篠&氷原

早春賦

マリア/篠 > 「こげん朝はよで、迷惑じゃらせんかったかなぁ……」(いつもと違う下ろし髪を手ぐしで梳きながら、軽く居住まいを整えて篠は呟いた。時刻は9時、本日晴天なり。誌洲の取り計らいで、篠は千景神社の境内で行われる朝市に来ていた。未だ大陸は混乱の最中にあるとは言え、食料品の買い出しくらいはお天道様も多めに見てくれよう。尊華帝国は他の二国と比べてまだそういった余裕があるだけましだった。)「あ、少尉……おやっとさ……はおかしかですね、んーと……」(青竹の柵に凭れて一足先に待ち合わせ場所についていた篠は、思わずいつもの癖でお疲れ様ですと言いかけてから気恥ずかしそうにはにかんだ。『こ…こんにち…おはようございもす?』とぎこちなく挨拶をし、地面に降りて足を揃える。)「わー……なんだかハイカラ…?じゃなあ……着物にシャツを合わすなんて、しゃれてらして……」   (3/20 17:59:56)

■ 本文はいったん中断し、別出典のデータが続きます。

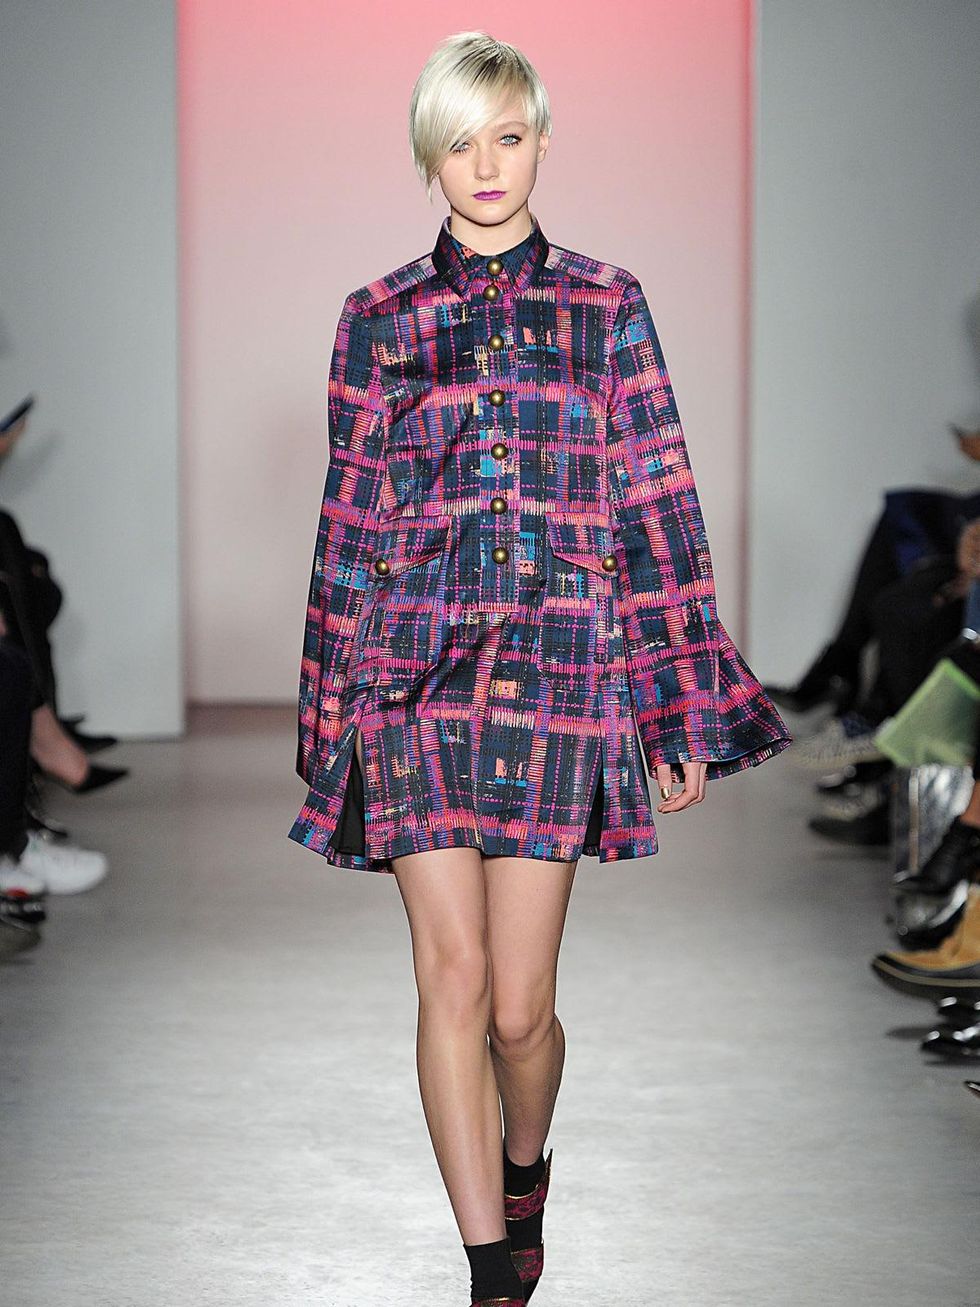 Clifford New York Fashion Week fall 2015 Nanette Lepore March 2015 Look 14

マリア/篠 > (軍服姿でないとずいぶん印象も変わって見えた。決して目が肥えているわけでもない篠から見ても上等のものをまとっている事は解ったし、何よりもすらりとした長身に様になっていると思った。誌洲に釘をさされない限り男物か女物かも解らぬ普段着で来るつもりだったが、そうでなくてよかったと思う。決してめかしこんで来た訳でもないが、伝統色の強い花柄のゆったりとした旗袍、生成りの毛糸羽織に控えめな布靴。氷原少尉に比べればまだ素朴だが、彼女なりに時と場を弁えた選択だ。)「あの……具合が悪うなったや、いつでん言いたもんせ。無理して付き合う事なかですから。」(病弱らしい彼を軽く気遣った後、いつも竹籠を両手できゅっと握る。カゴの中でちゃぷ、と水の音がした。)   (3/20 18:00:01)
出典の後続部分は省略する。